Content starts

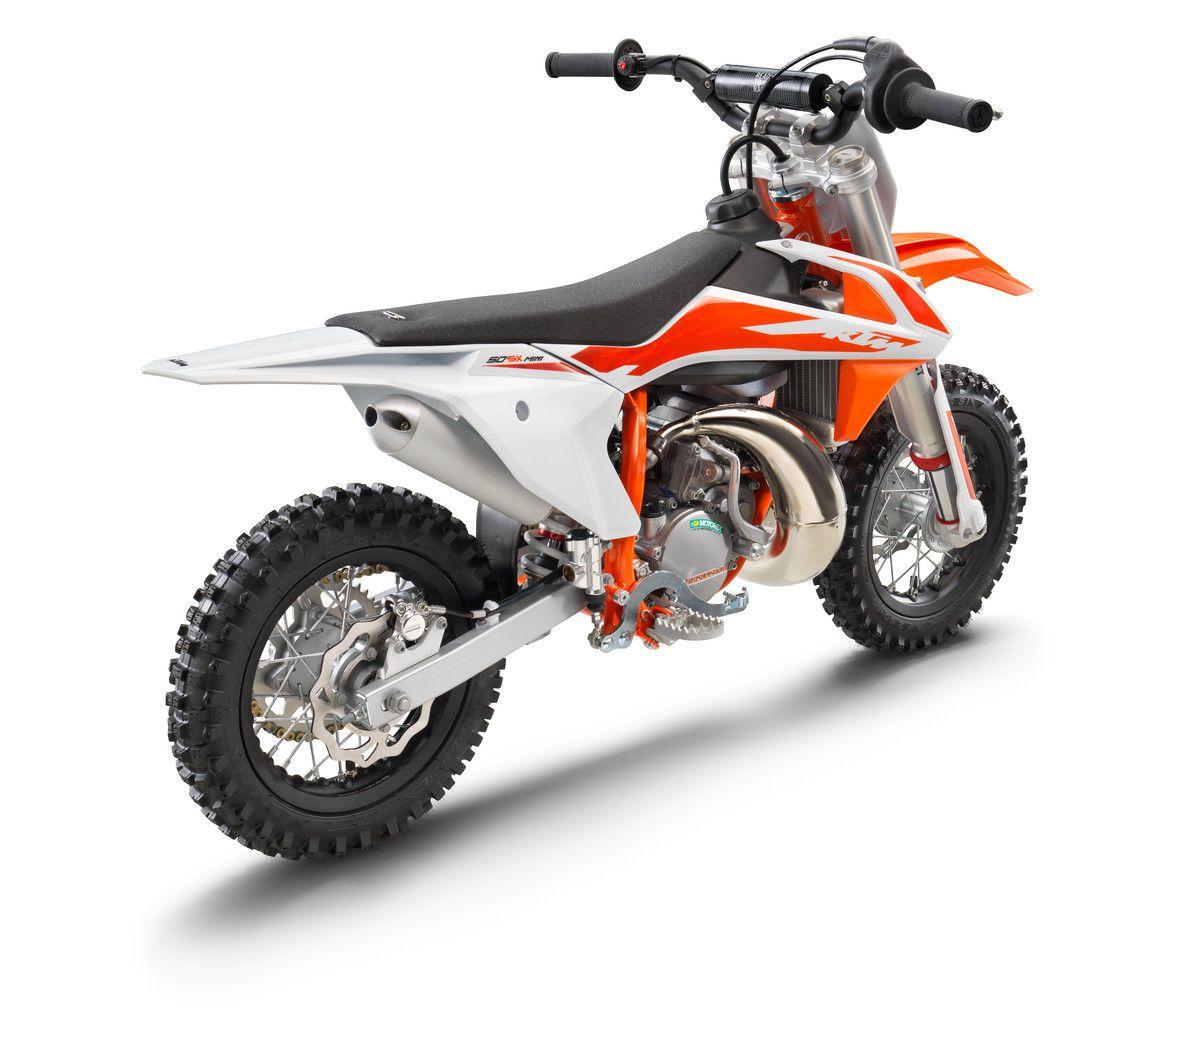 2020 Ktm 50 Sx Mini Guide Ktm Motorcycle Model Mini
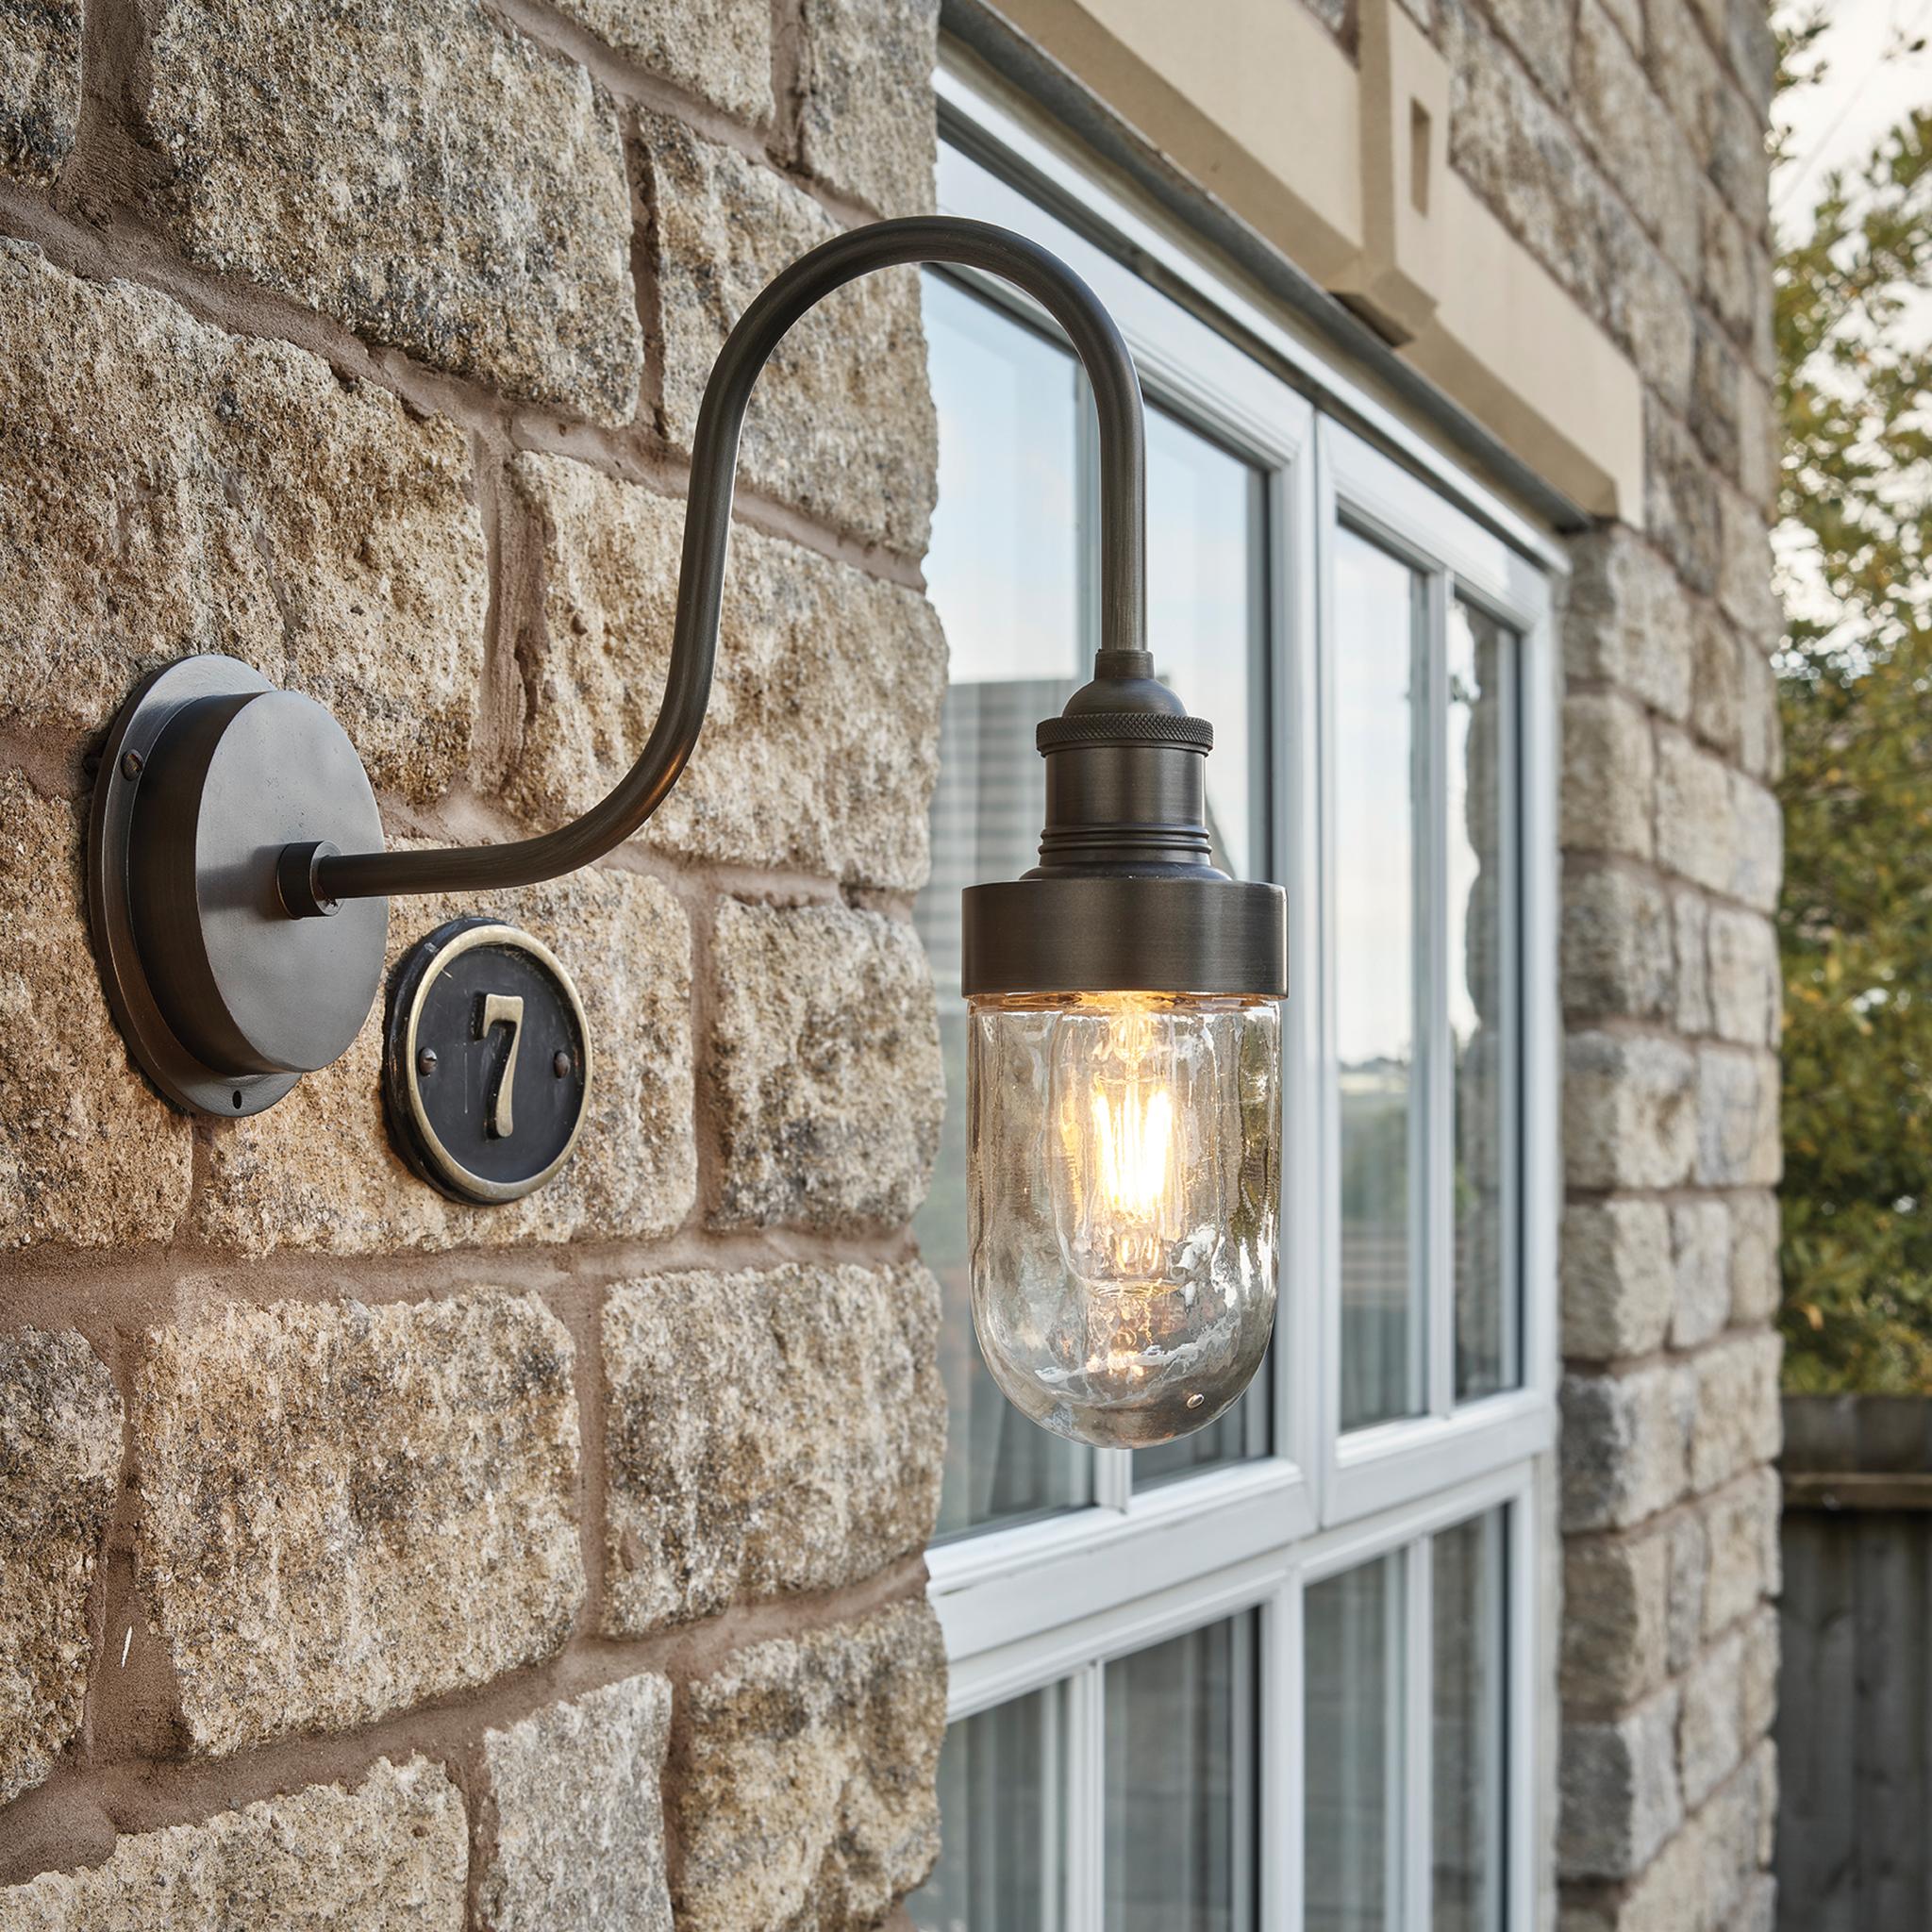 Outdoor & Garden Design Lighting Trends | Industville
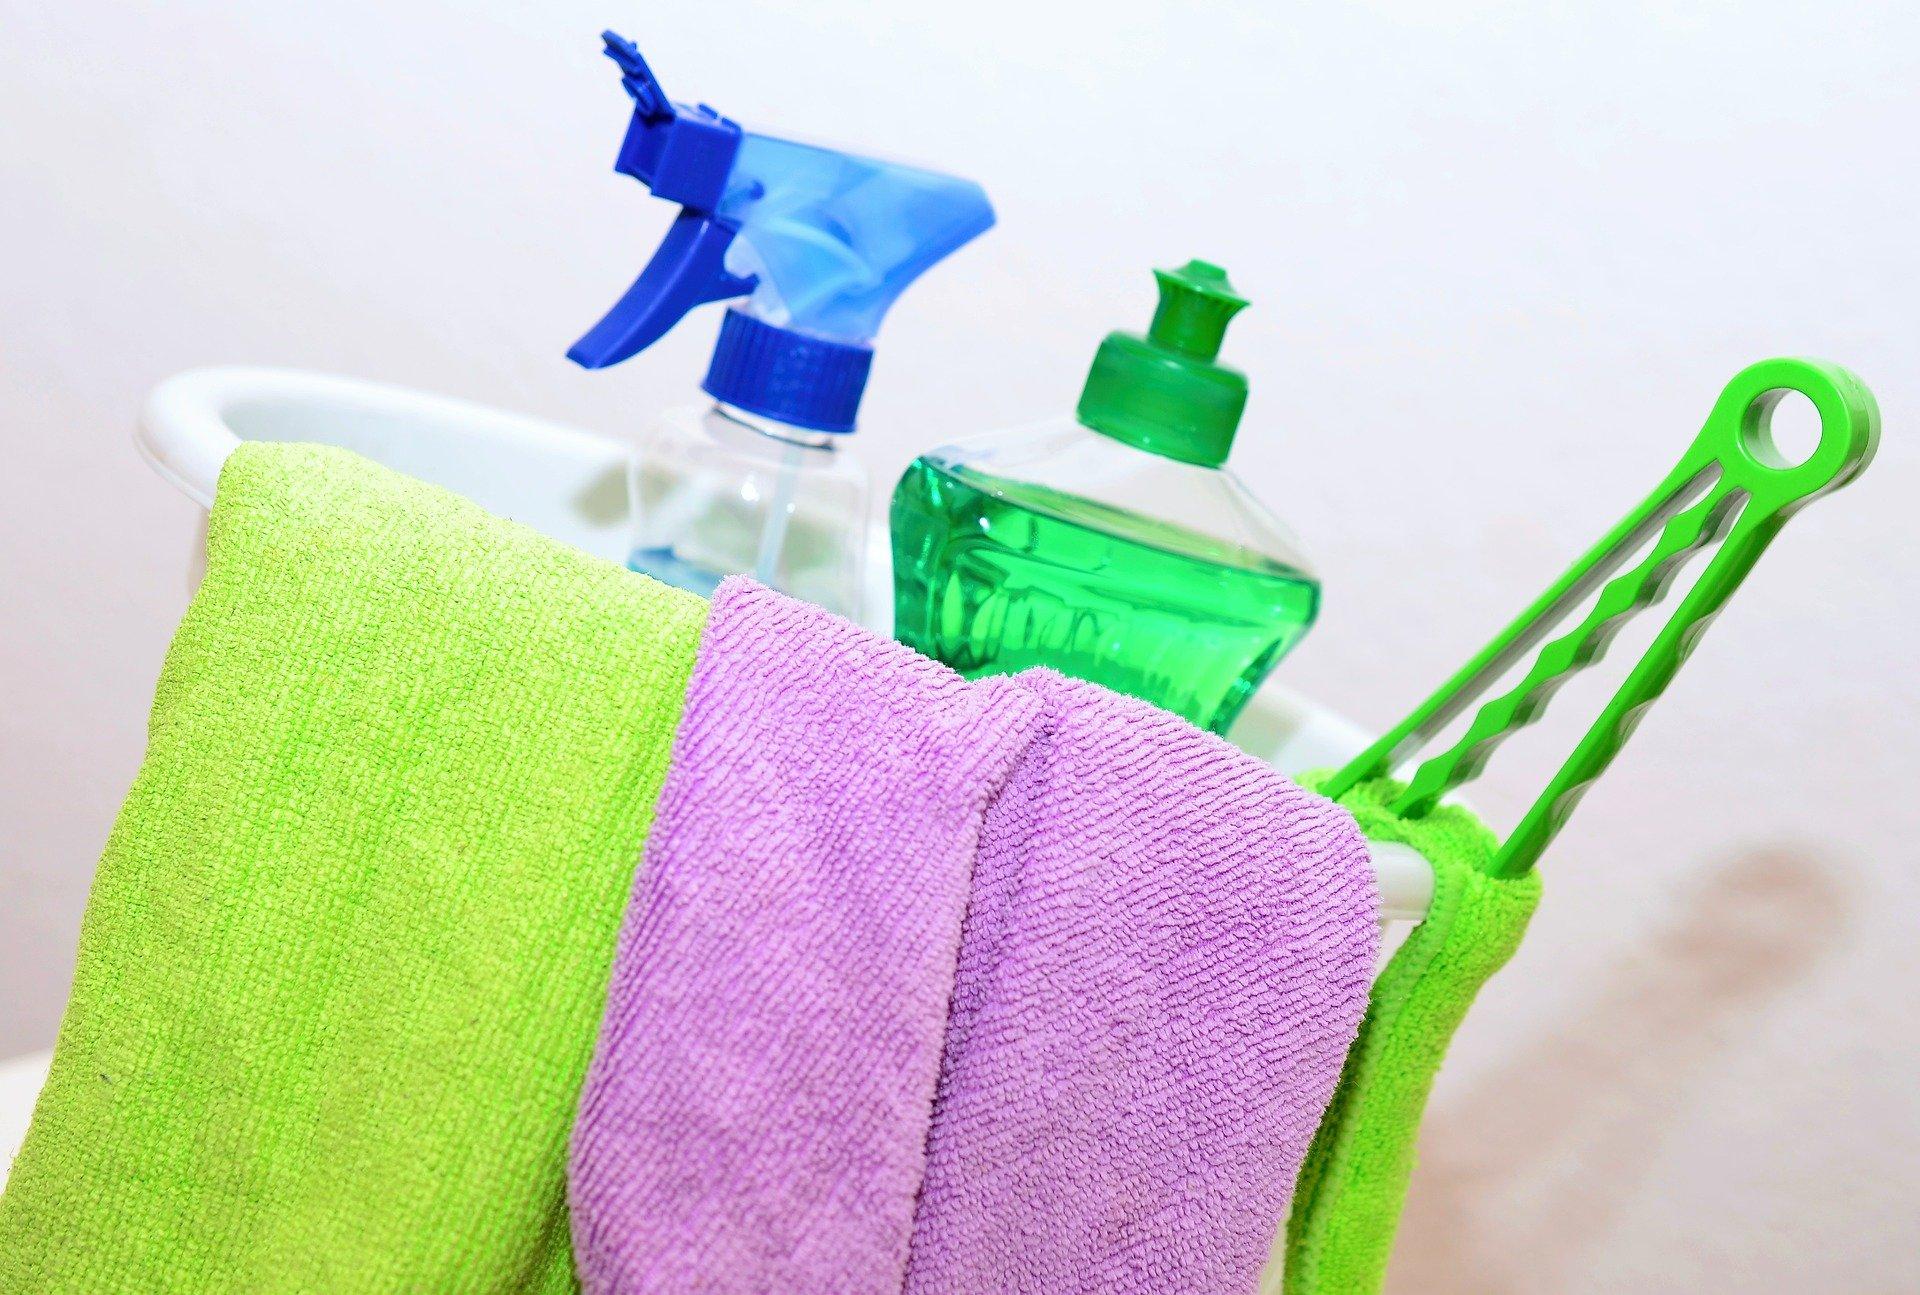 さいごに: 要所要所にマイクロファイバークロスをおいて、ササッと掃除を習慣化しちゃいましょうっ!

Content ends

# WHAT THIS TASK INVOLVES:
Copy exactly the lines running from the line with "Outdoor & Garden" to the final line of the listing, keeping both ends and dropping any picture.

# OUTPUT BELOW:
 Outdoor & Garden Design Lighting Trends | Industville
 さいごに: 要所要所にマイクロファイバークロスをおいて、ササッと掃除を習慣化しちゃいましょうっ!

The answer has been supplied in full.